Nothing sculpts the upper legs better than squats, and with the added intensity of tabata you’ll have buns of steel in no time. This exercise is so easy you can do it at home in your living room. Just avoid jumping under low ceilings!
Workout: Stand with your feet hip-width apart and sit back in to a squat, bending your knees, until you are more than parallel with the floor. Jump upwards, swinging your arms for exta thrust if you like. Once you’ve landed, return to the squat position and jump again. Repeat for 20 seconds as hard as you can, break for 10, then start again.
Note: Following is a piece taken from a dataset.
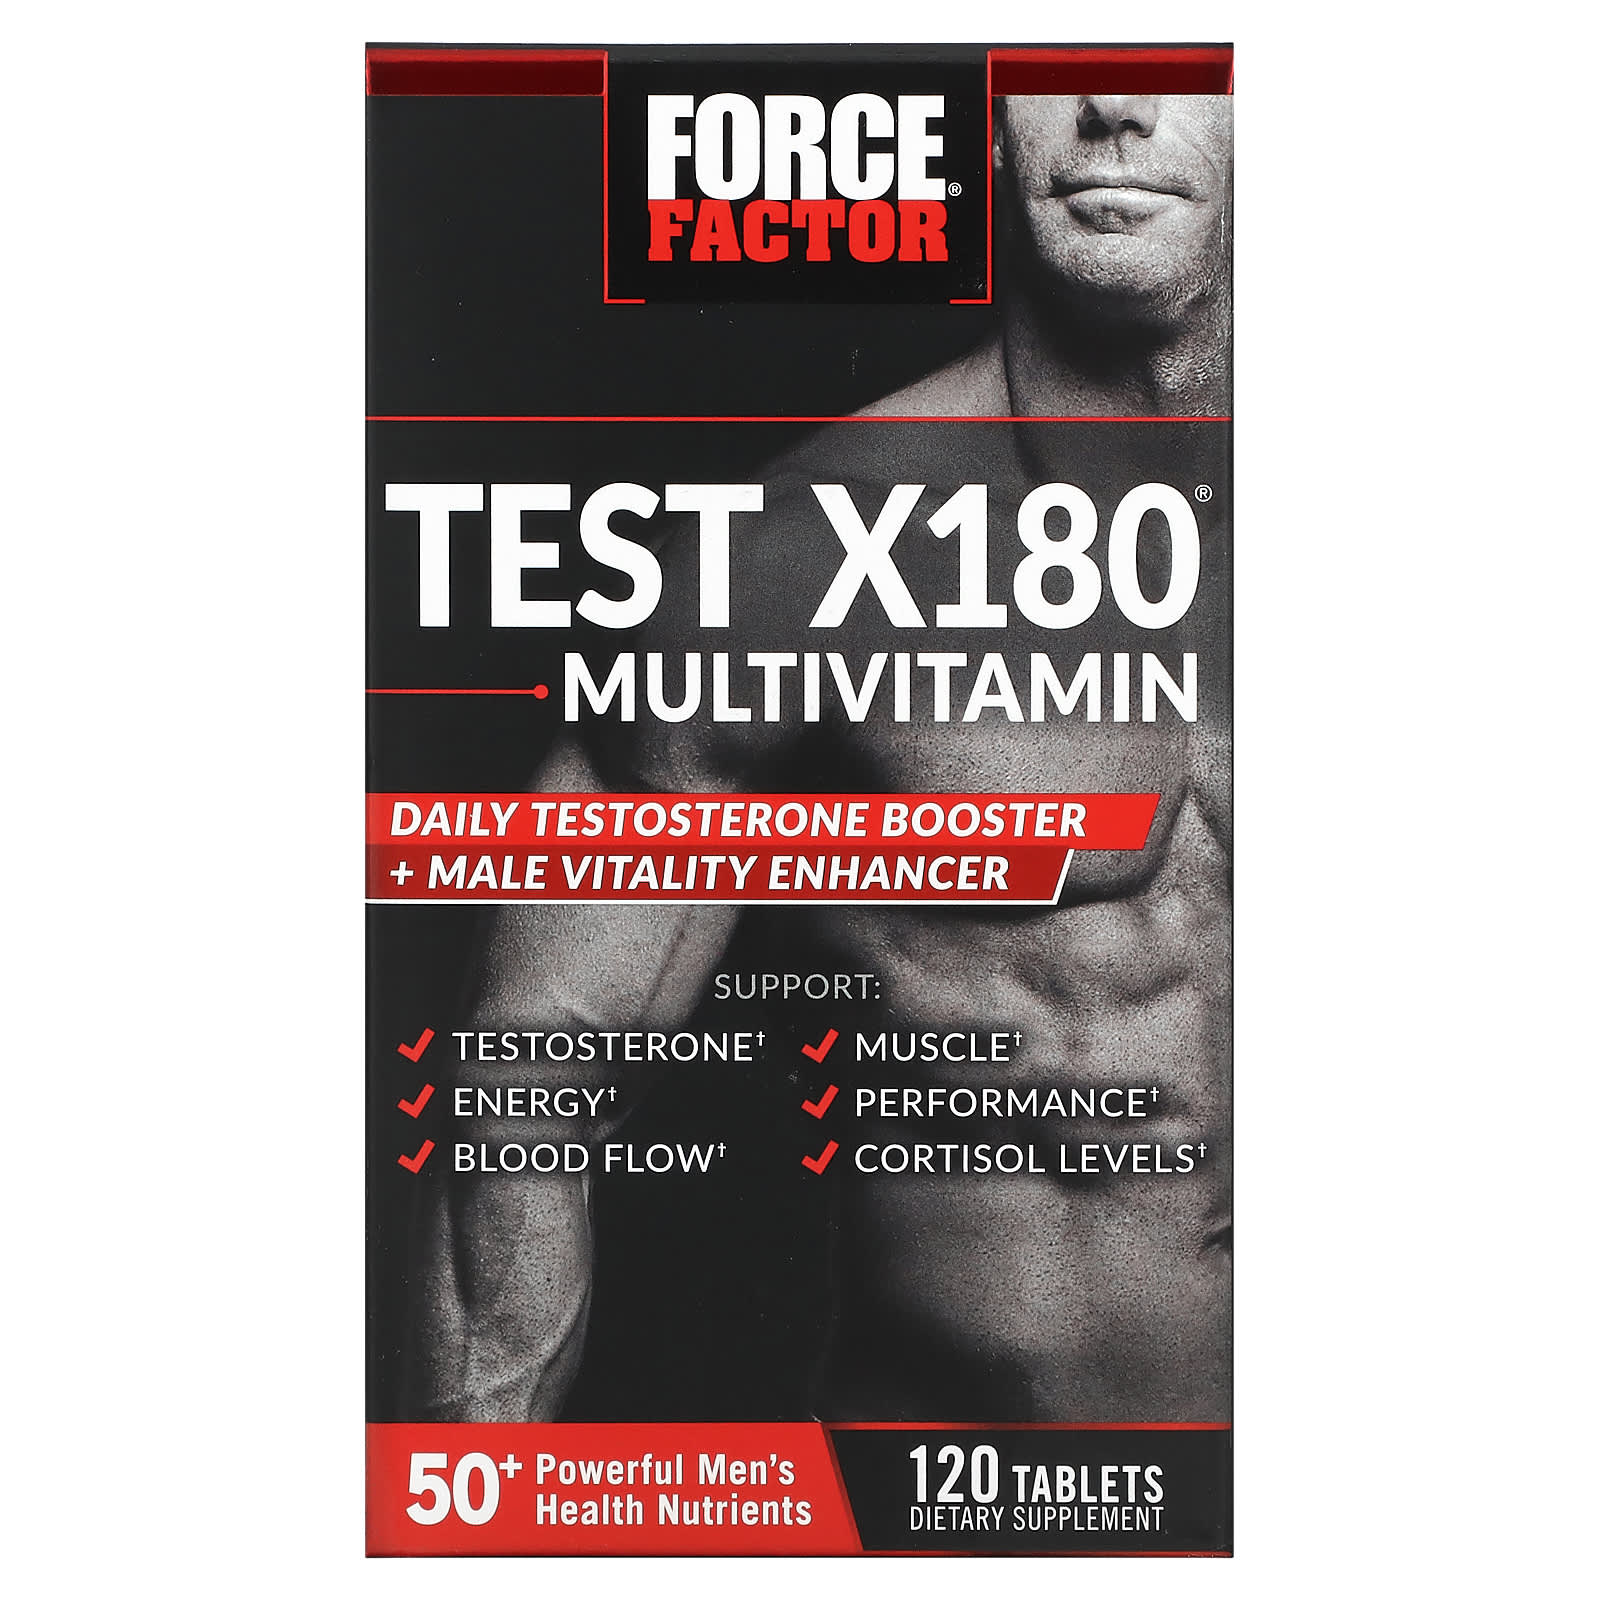 Мультивитамины и Усилитель Тестостерона Force Factor, 120 таблеток force factor test x180 v2 общий усилитель тестостерона 90 таблеток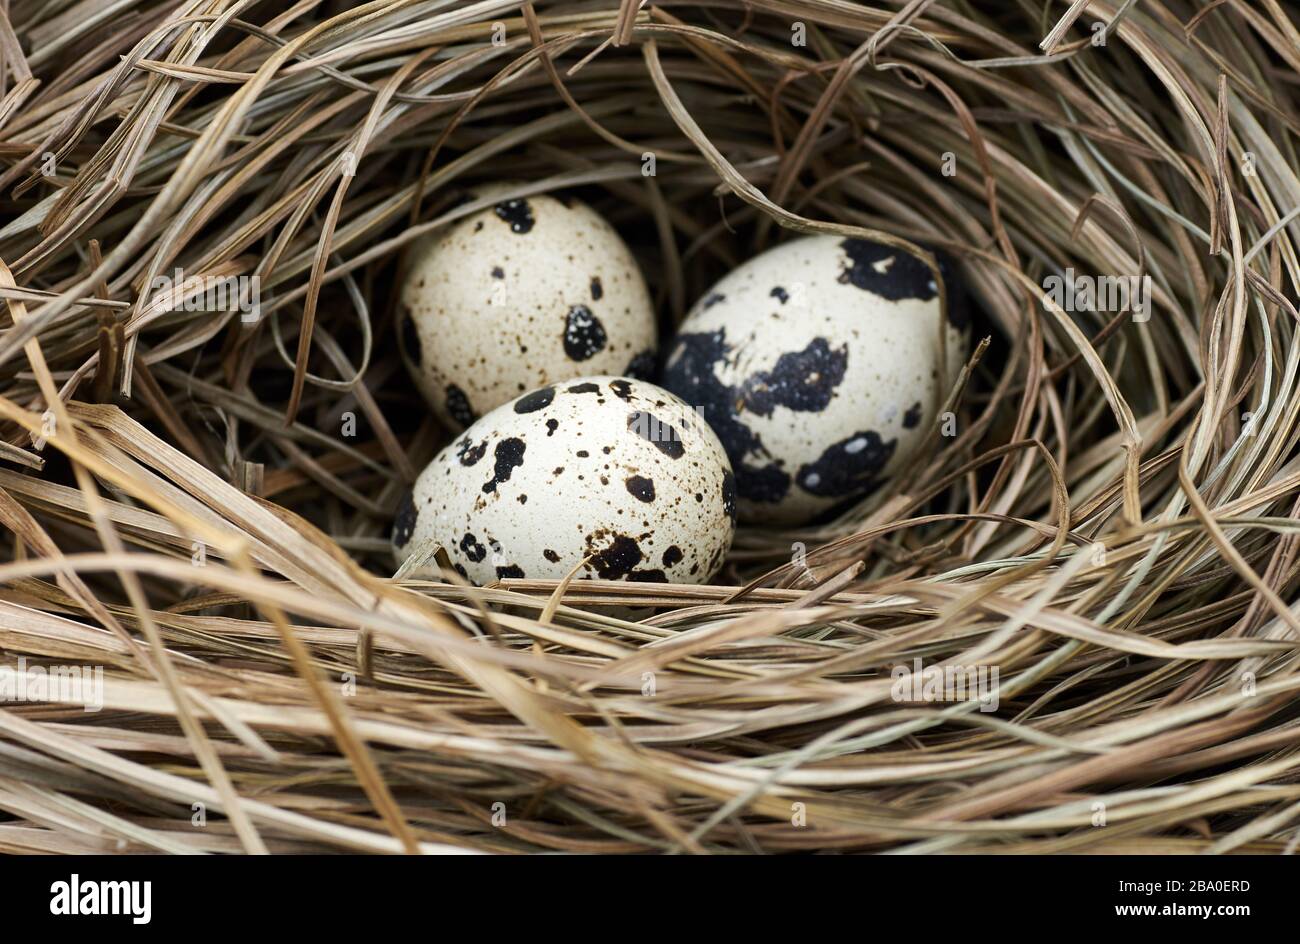 Quali o uova di uccelli selvatici nel nido fatto di erba secca e paglia, macro, closeup, copy space, pasqua e primavera vacanze concetto Foto Stock

Who says getting fit can’t be fun? Skipping is an enjoyable way to boost your cardio and your coordination – plus it’s the most inexpensive piece of gym equipment you can invest in. Be warned: you may want to perfect your technique before you start your tabata workout!
Workout: Start gently to build the momentum up. Once you are comfortable, skip as hard as you can for 20 seconds. Try not to stop completely during your rest as you may not have time to build back up within 10 seconds. What kind of skip you do is completely up to you. You could try feet together, high knees or the Rocky-style boxer shuffle.
Why not take your tabata workout outside and make the most of the fresh autumn air before it gets too cold! Paddle sprints are fantastically fun and great for the upper arms and core muscles. You can get a similar effect on the rowing machine in the gym, although it may be more difficult to get the intensity you need.
Workout: Build up some momentum with a gentle rowing action, then really gun it for 20 seconds. Think about burying the whole surface of the paddle under the water and pull as hard as you can. Rest for 10 seconds and then start again. It might be worth investing in some paddling gloves to avoid blisters between your fingers!
When it comes to easy-to-do tabata exercises, the stability ball is your best friend. Set it up in the living room, and crunch out a 4 minute workout as soon as you get home from work.
Workout: Chest Press. You’ll need two 50g dumbbells for this one. Lean backwards on to the stability ball so it supports your neck and shoulders. Lay flat like a table, thrusting your hips up with your knees bent at 90 degrees. Take most of the weight in your feet. Start with the dumbbells at your chest, press upwards as fast as you can for 20 seconds repeatedly. Break for 10, and repeat for 4 minutes.
Great balance is a must for this tabata exercise. The last thing you want is to be tripping over your exercise box! Start with feet firmly planted shoulder-width apart and knees slightly bent ready for take-off.
Workout: Jump up on to the box and back down as fast as you can for 20 seconds. Break for 10, and then repeat. Remember to bend your knees slightly to take the impact, and use your arms to create momentum. If you’ve got a history of bad joints, it’s probably best to give this one a miss.